Here’s Baldwin on Israel and Palestine less than ten years before his death.
(Glaude writes of the 1979 Baldwin but not of this essay. Indeed to Glaude and others though not Coates it is as if Baldwin’s eyes were always turned to Harlem, no matter where in the world he was.)
Coates himself doesn’t reference Baldwin’s 1979 essay but you can read and even feel echoes. If he uses the first three essays of The Message to argue that writing is a political act of meaning making through truth telling, and that black writers have used writing to make meaning for themselves and others, and address the biggest criticism of Between the World and Me in doing so, he uses the last essay to deal with the greatest flaw he saw with his work. The flaw of using the state of Israel to make his reparations case.
…I was proud of ‘The Case for Reparations’ because it did rely on instinct but was a synthesis of facts. It was crafted in the mold of the (mostly white) magazine writers I’d admired. They were courageous reporters and masters at taking in many streams of that reporting and turning it into a coherent and gripping narrative. Quite a few of them wrote about the ‘Israeli-Palestinian conflict,’ and from their writing I derived a sense that comprehension of ‘conflict’ was a matter of knowledge, not morality. And that knowledge was as foreign to me as computational mathematics. To that was added my steady diet of beat reports, Sunday talk shows, and loose conversation, all of which validated the apparent complexity over the ‘conflict.’ But even amid that complexity there as a certain incontestable narrative punctuated by platitudes that assumed an air of indisputable truth: Israel was a ‘Jewish democracy,’ indeed ‘the only democracy in the Middle Wast,’ one with both ‘the right to exist’ and ‘the right to defend itself.’ (Coates p. 134)

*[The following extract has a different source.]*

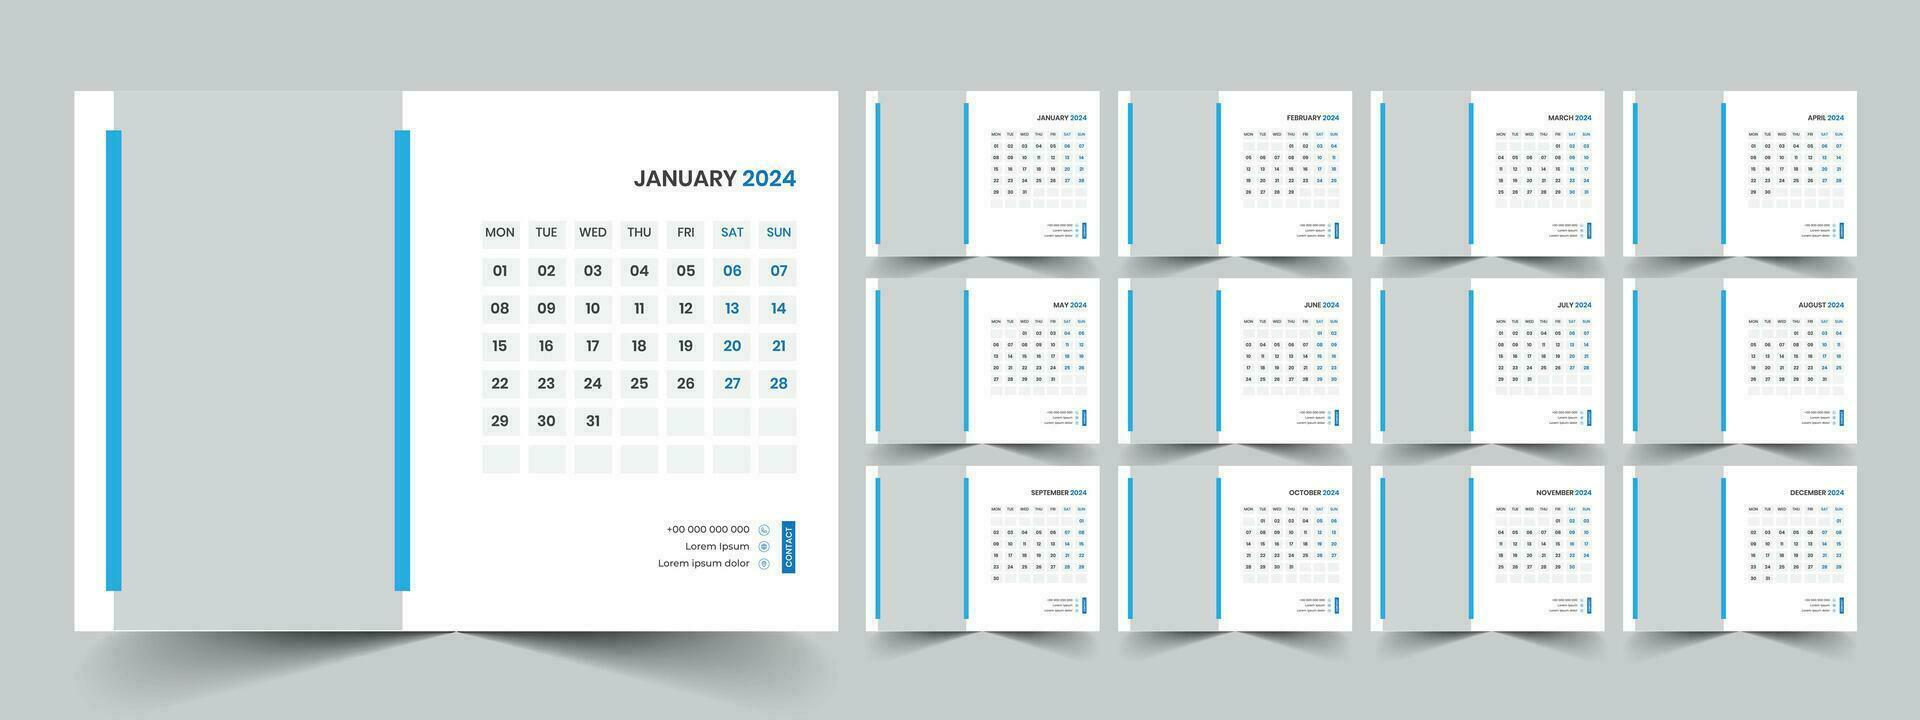 kalender 2024 planerare företags- mall design uppsättning. vecka börjar på måndag. mall för årlig kalender 2024 vektor
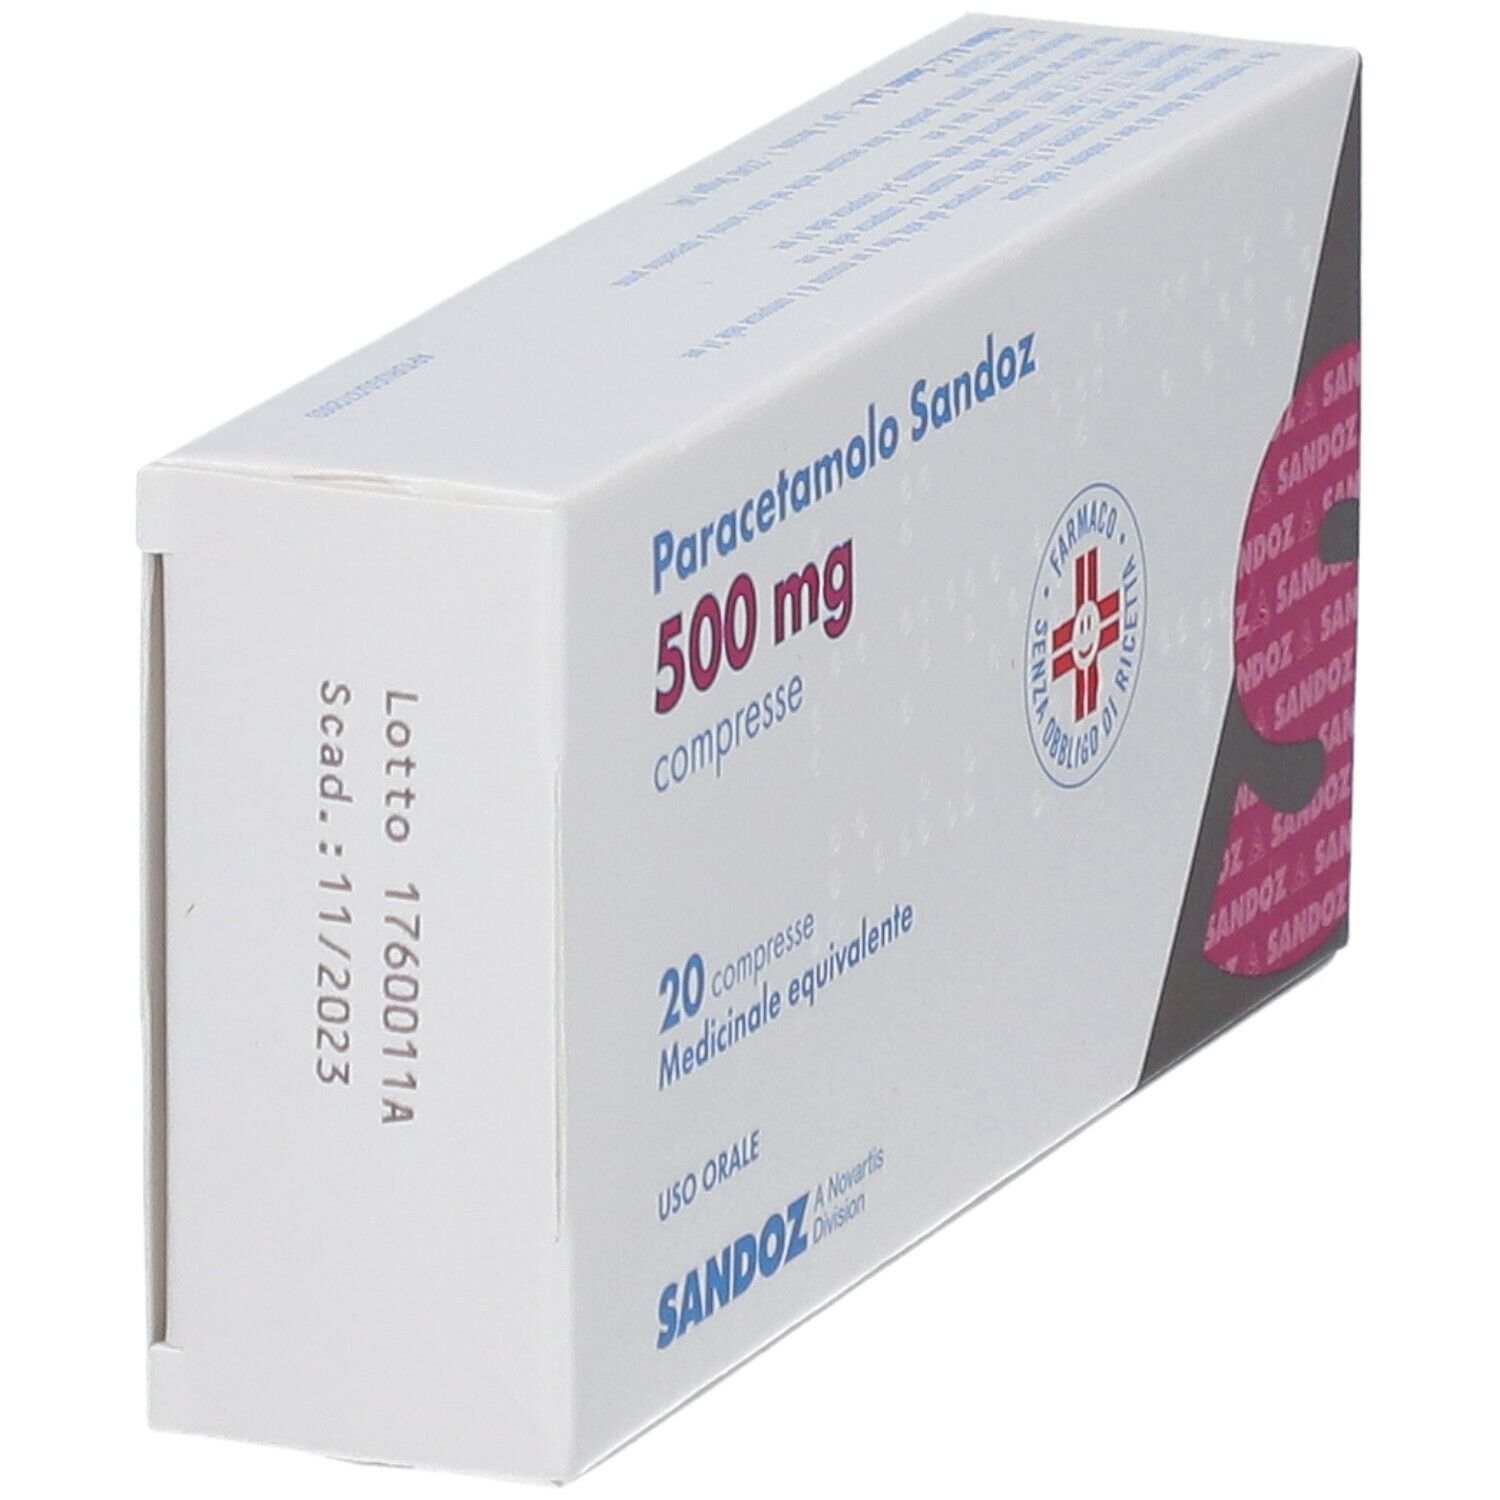 Paracetamolo Sandoz 500 mg Compresse

This was a mistake, one Coates realized not long after the essay was published, but one that became crystal clear when he visited the West Bank and then Jerusalem. What he saw there was not “Jim Crow” and not Apartheid—neither term works in describing Israeli occupation. However, what he saw was close enough to cause him to revisit his previous writings, and the broader sensibility that caused him to use Israel as a case black Americans should favorably turn to. Through rhetoric, legislation, military might, and technique, one population is rendered capable of exercising governing capacity, and another population is not.
I reference Coates’ students—his Black readers in particular—and with this essay Coates is arguably not only writing to his Howard students but to black nationalists young and old—may see themselves in two ways. For most, Coates’ experiences will remind them of what they imagine Apartheid to be. But for Coates the experiences work to remind him both of the dangers of taking the dream as one’s own—in Between the World and Me he writes of the dream as being made of broken and bruised black bodies—and again of the possibilities black map making can play.
I’ve critiques. His “On Pharaohs” doesn’t reflect quite the same appreciation for black heterogeneity I see expressed in Between the World and Me. And perhaps because he missed the height of what I’d call “generation X black nationalism” by about a decade, he misses the cultural-ethical turn many of us made in studying Ancient Egypt. While he’s beginning to see the connections between ideas, interests, and institutions, he isn’t quite there yet—the lack of Palestinian journalists is very much the result of a political project I’m unsure the presence of Palestinian journalists would by itself render the region more democratic.
But those critiques are minor. For someone like me, with a ticking clock and a mission, reading The Message is a tonic.
That’s all for now.
If you haven’t done so already, take a bit of time to tell the ones you love that you love them. We’re going to have enough to do come the new year.